# Material provided
■ ■ ■ ■ ■

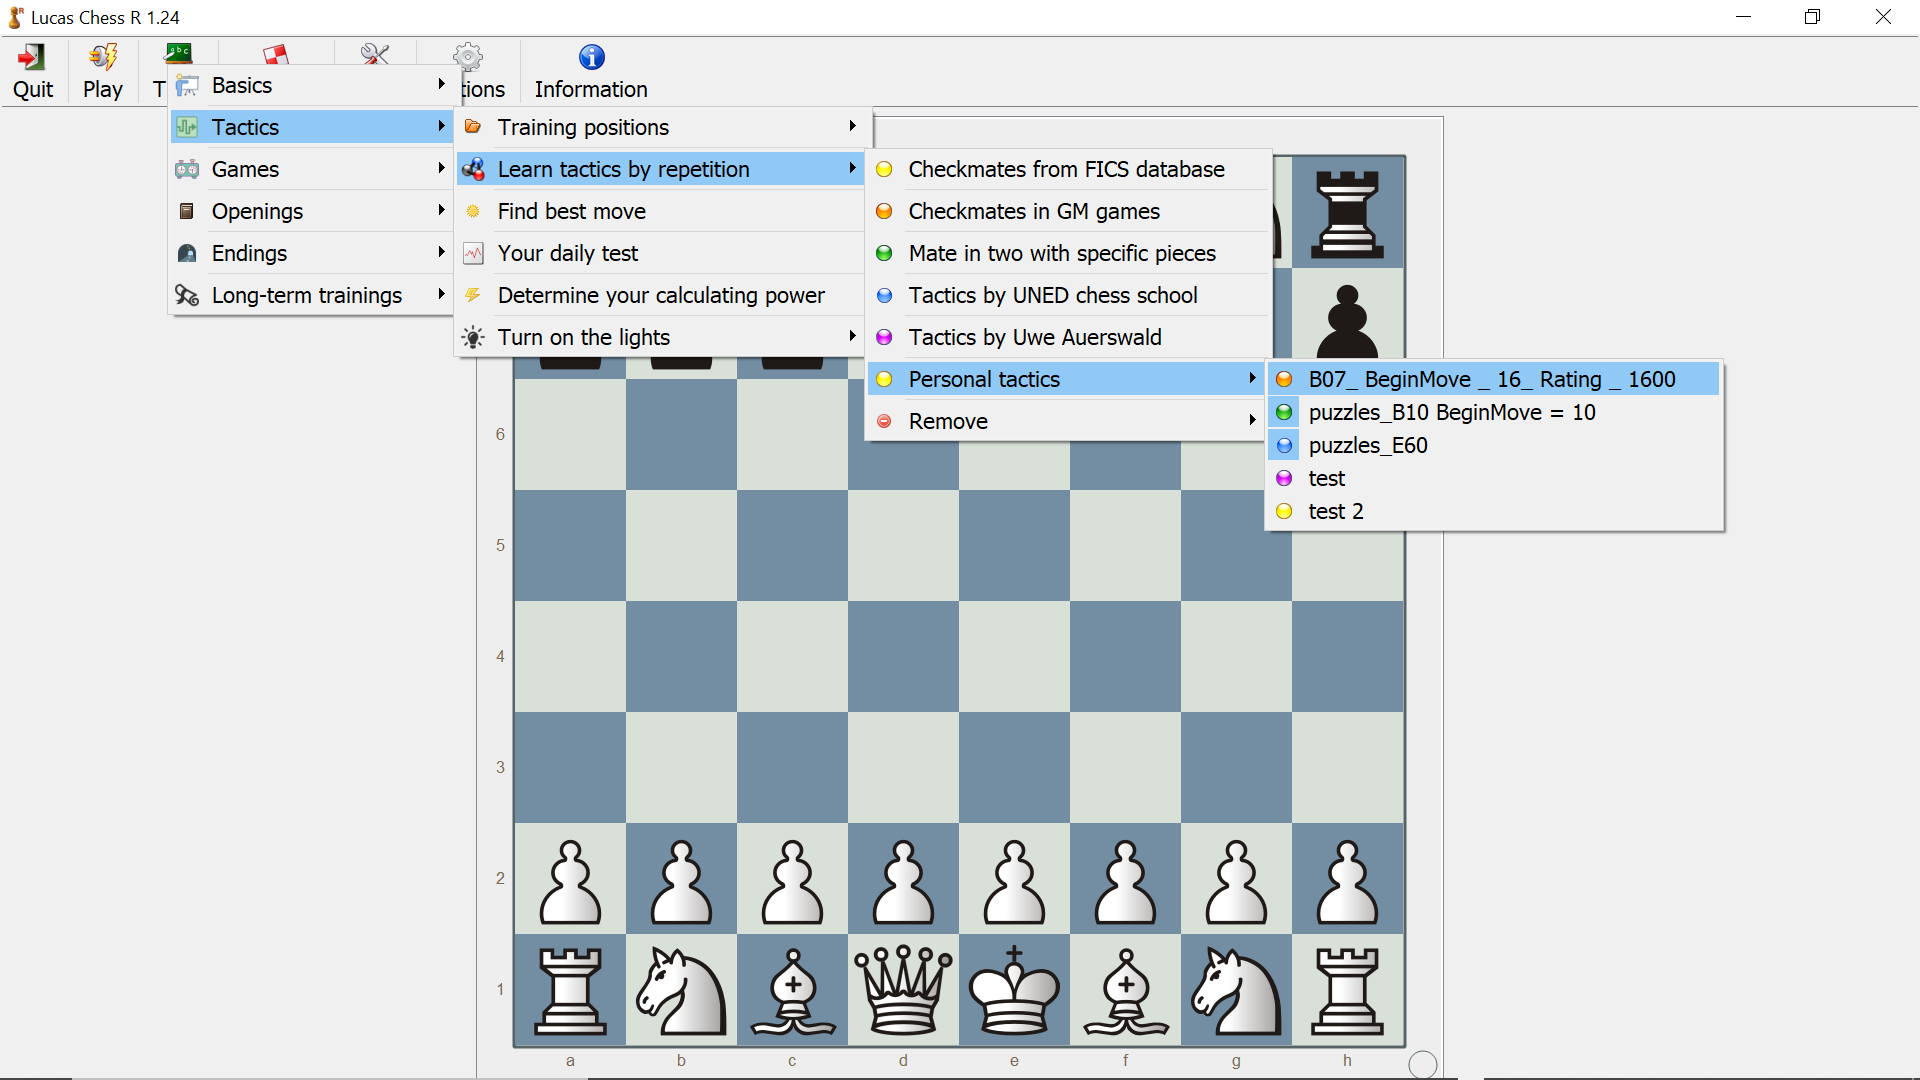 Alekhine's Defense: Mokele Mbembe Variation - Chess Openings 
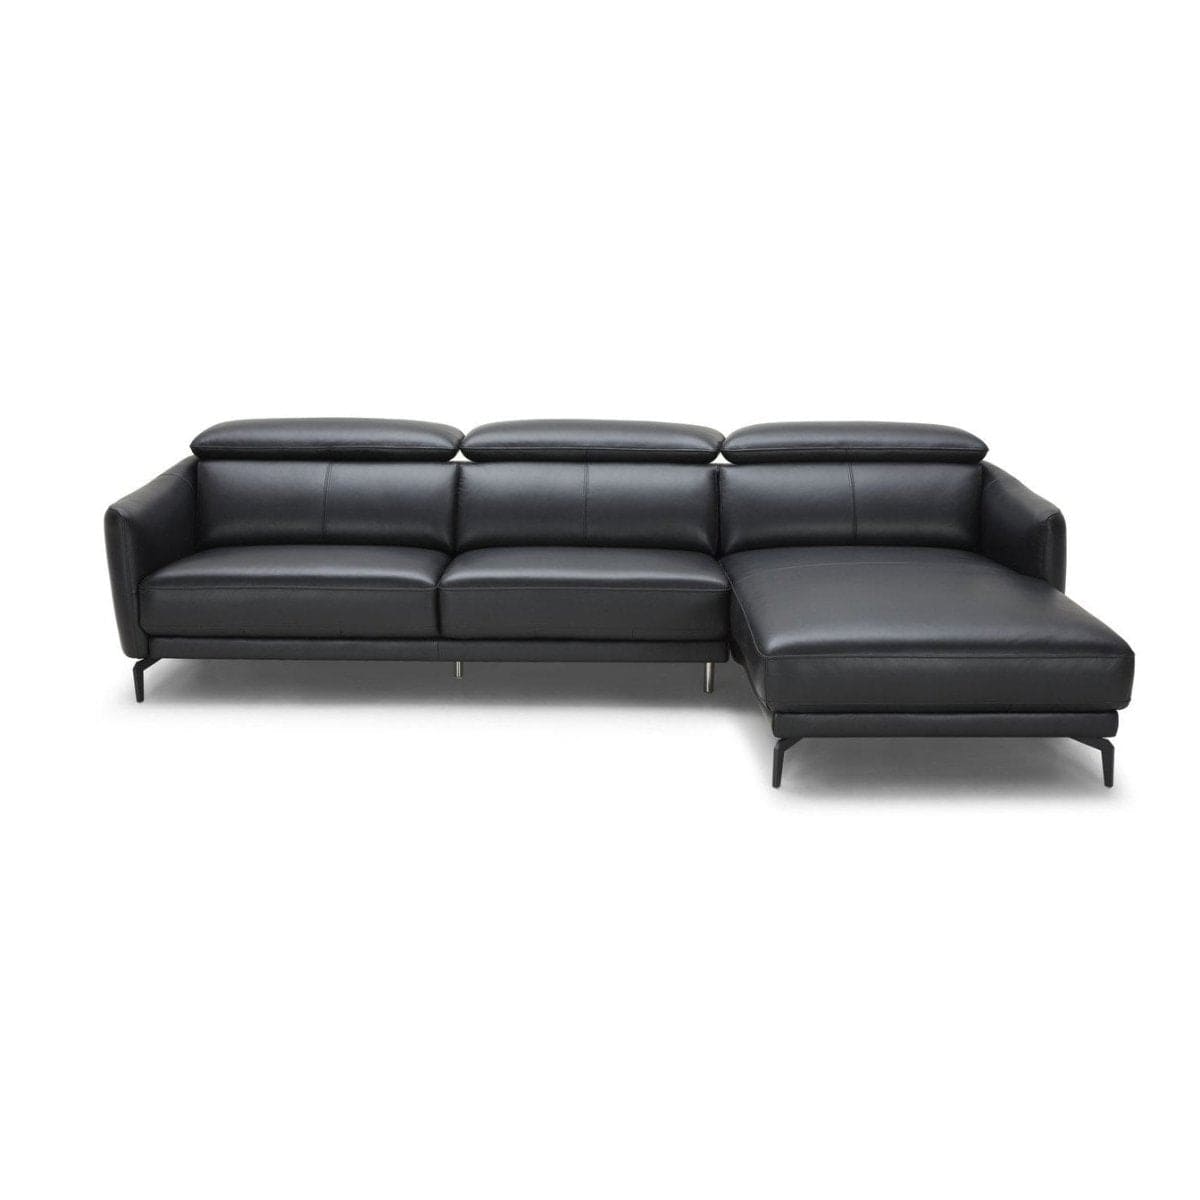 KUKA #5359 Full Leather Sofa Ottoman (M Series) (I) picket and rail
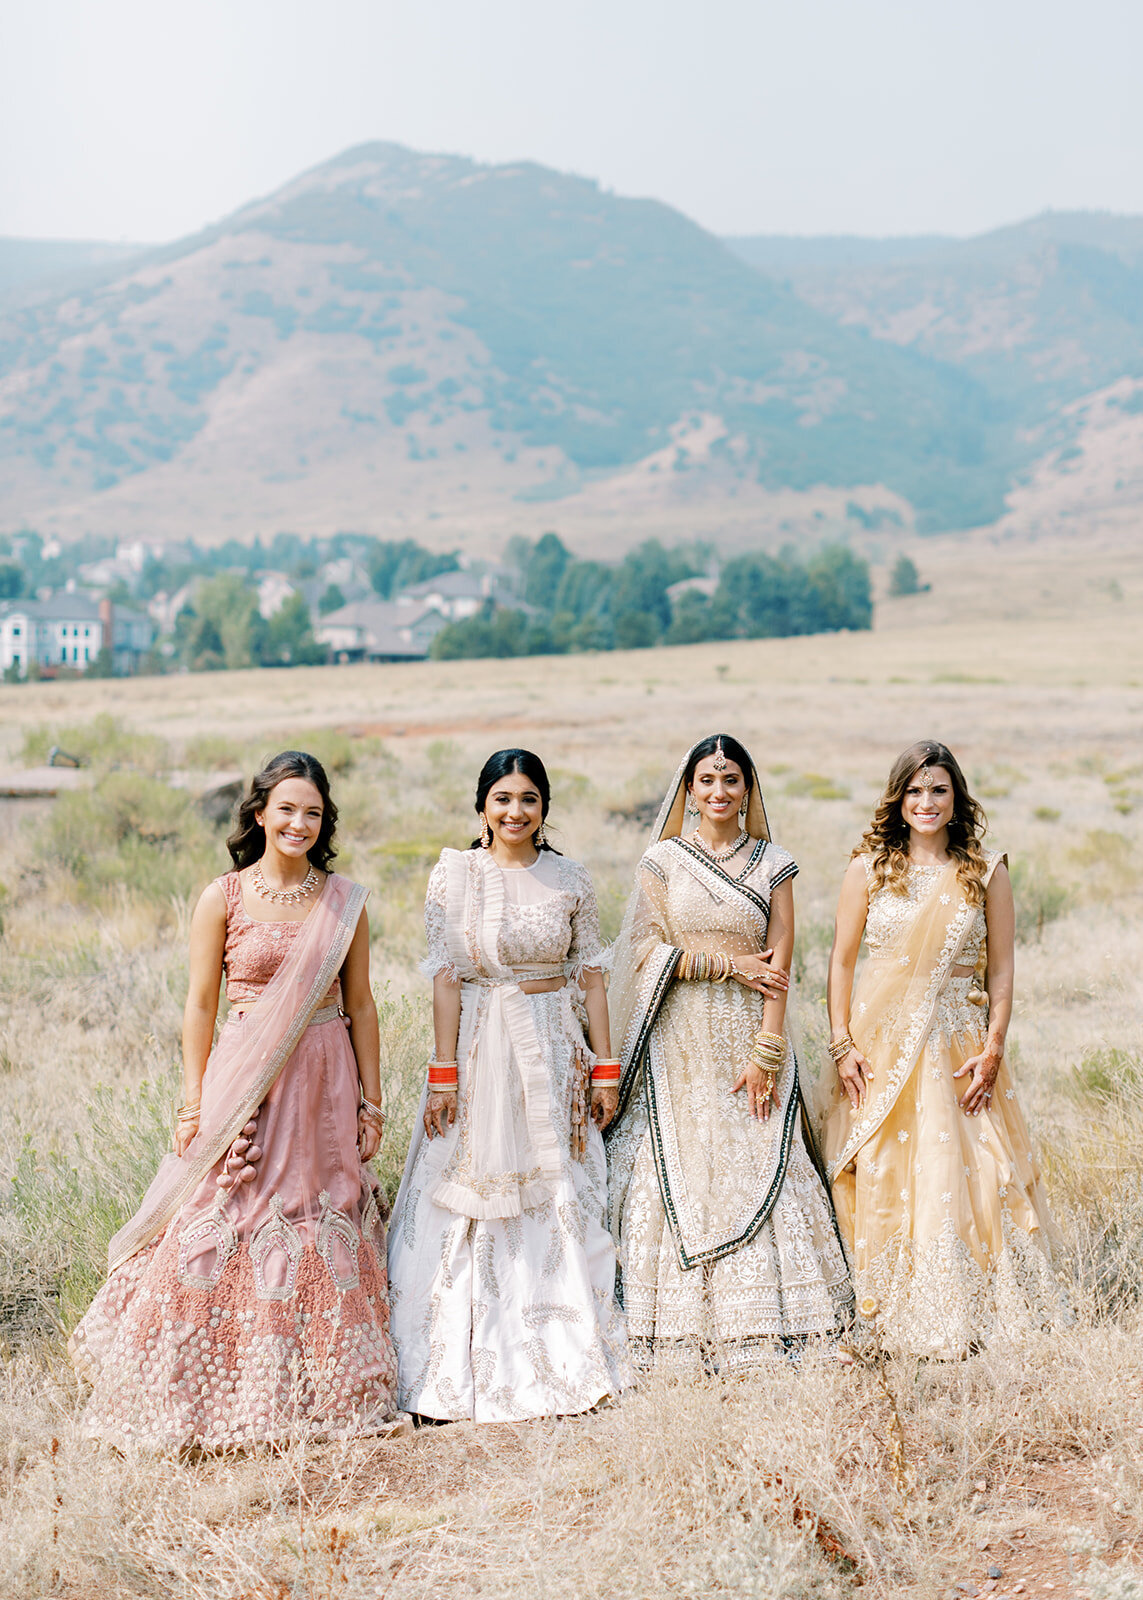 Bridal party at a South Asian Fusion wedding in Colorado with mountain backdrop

■ ■ ■ ■ ■

# Problem description
Skip the pictures and copy exactly the lines from the one containing "KUKA #5359 Full" through the end of the material, both ends included.

# Result of this exercise
 KUKA #5359 Full Leather Sofa Ottoman (M Series) (I) picket and rail
 Bridal party at a South Asian Fusion wedding in Colorado with mountain backdrop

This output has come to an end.